-- WHAT IS REQUIRED --
Return each line of the listing below, unchanged, and omit the images.

-- DATA EXCERPT --
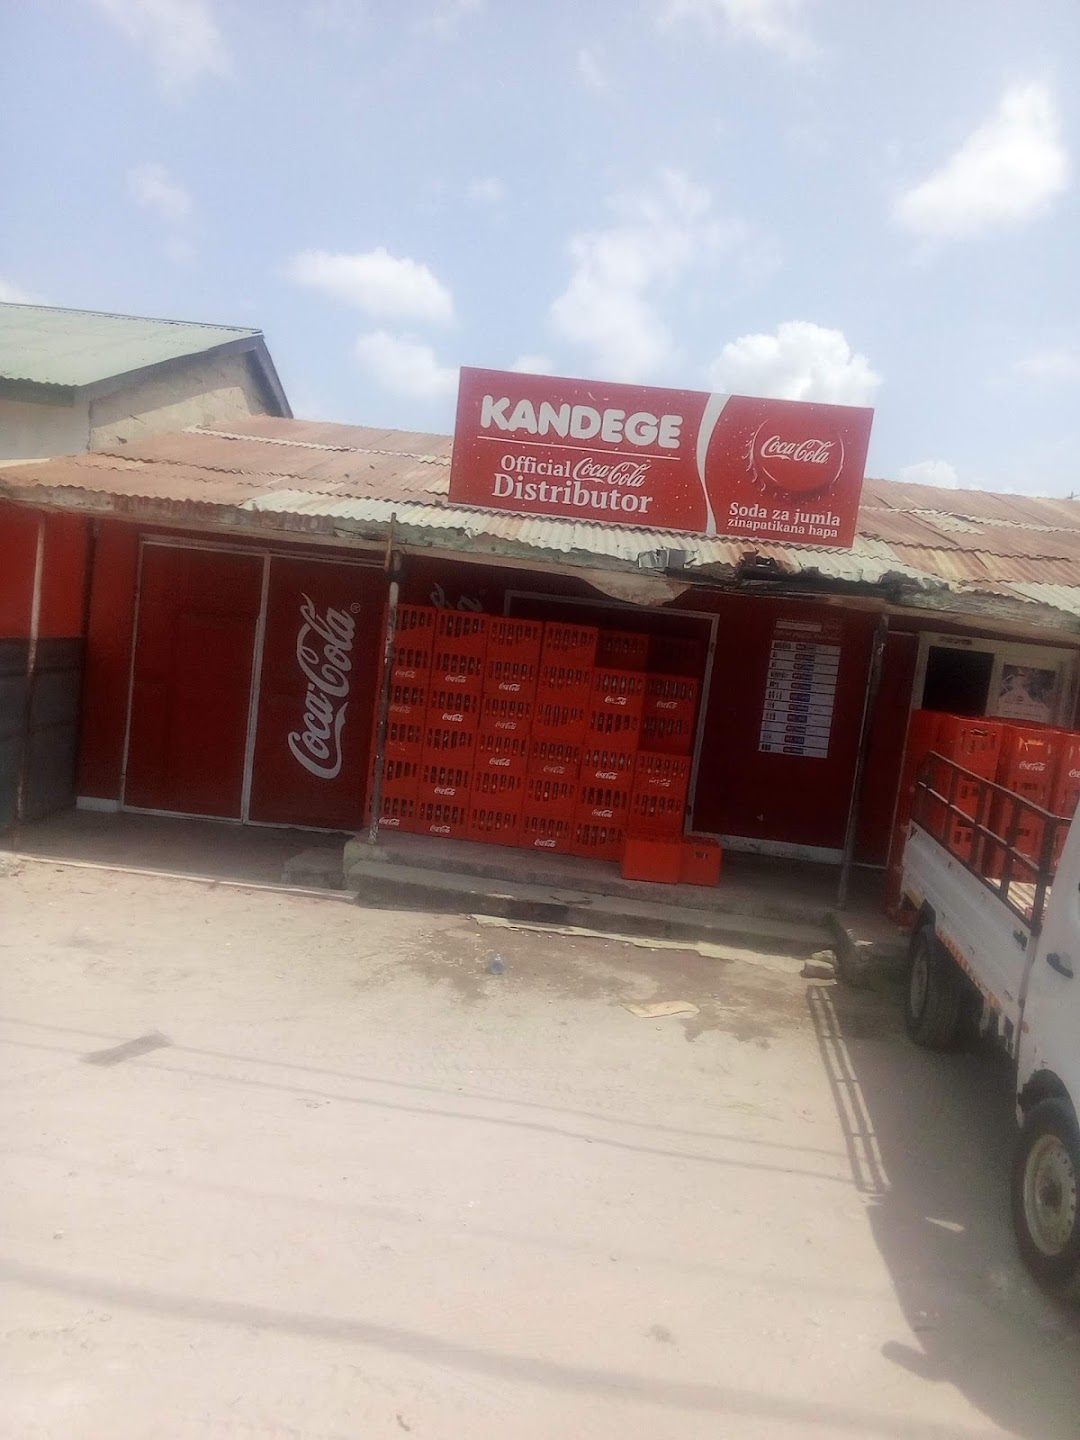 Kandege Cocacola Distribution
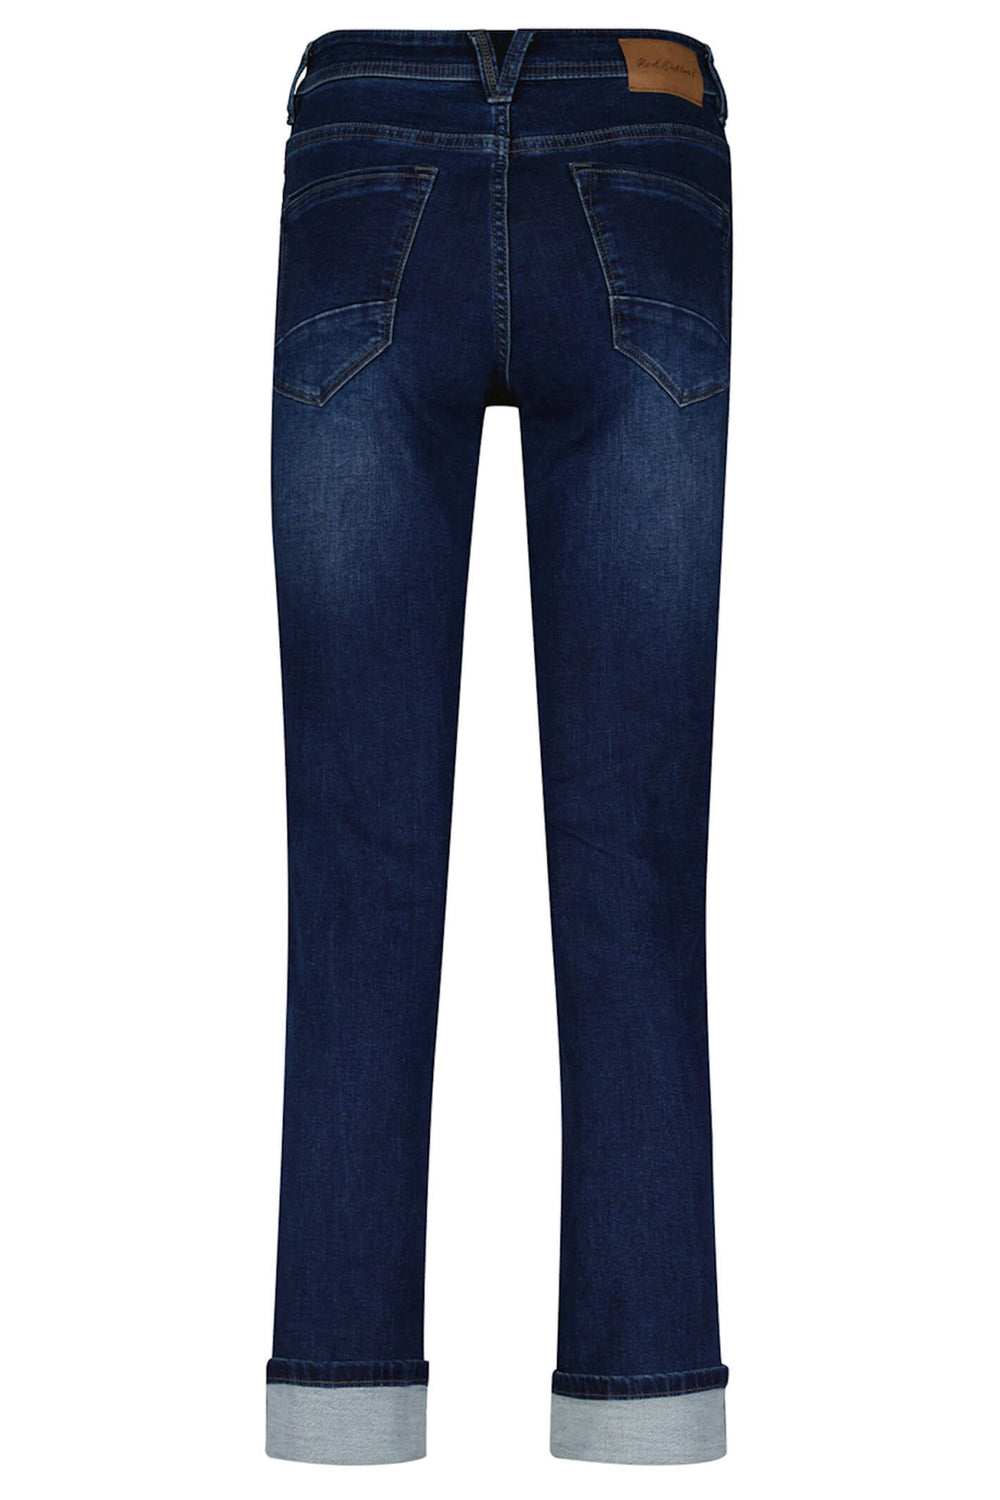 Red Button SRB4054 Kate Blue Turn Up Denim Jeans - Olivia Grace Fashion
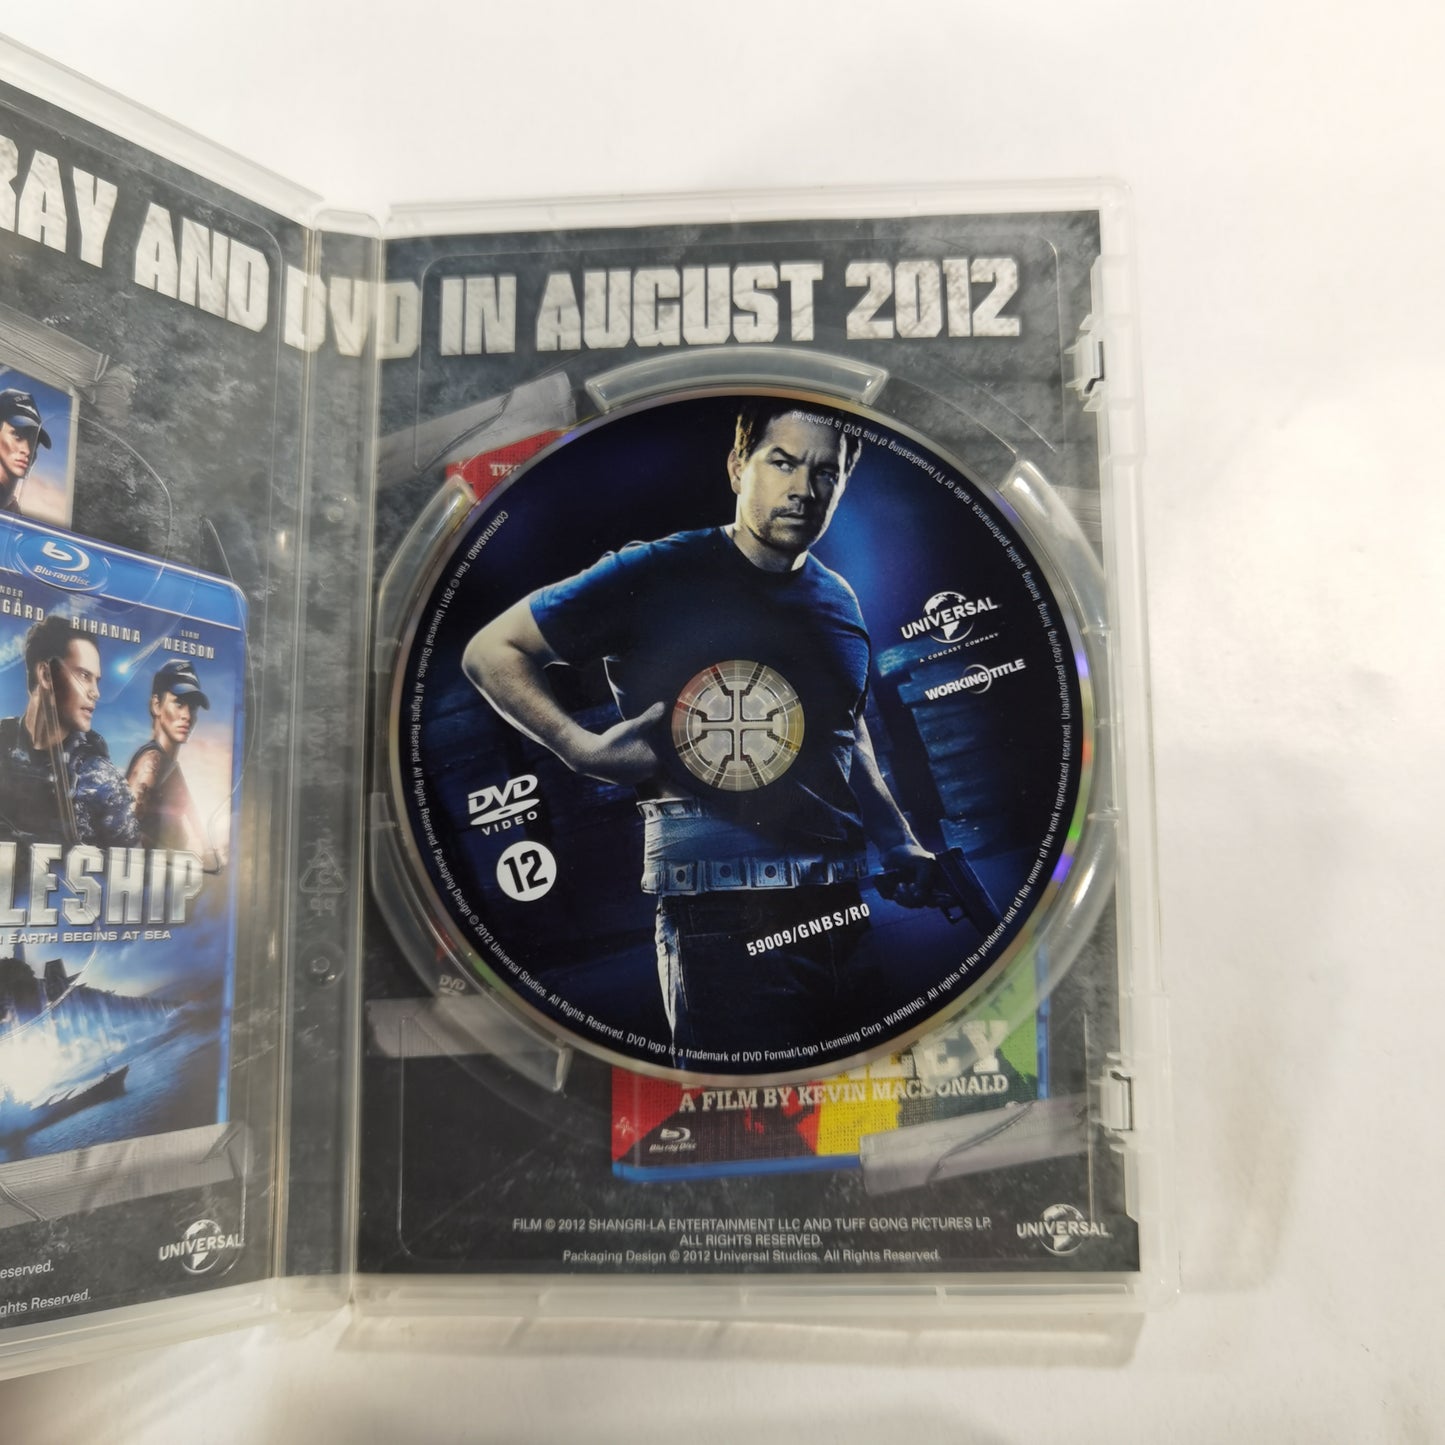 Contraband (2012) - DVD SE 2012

-- SOLVED PROBLEM --
 Kandege Cocacola Distribution
 Red Button SRB4054 Kate Blue Turn Up Denim Jeans - Olivia Grace Fashion
 Contraband (2012) - DVD SE 2012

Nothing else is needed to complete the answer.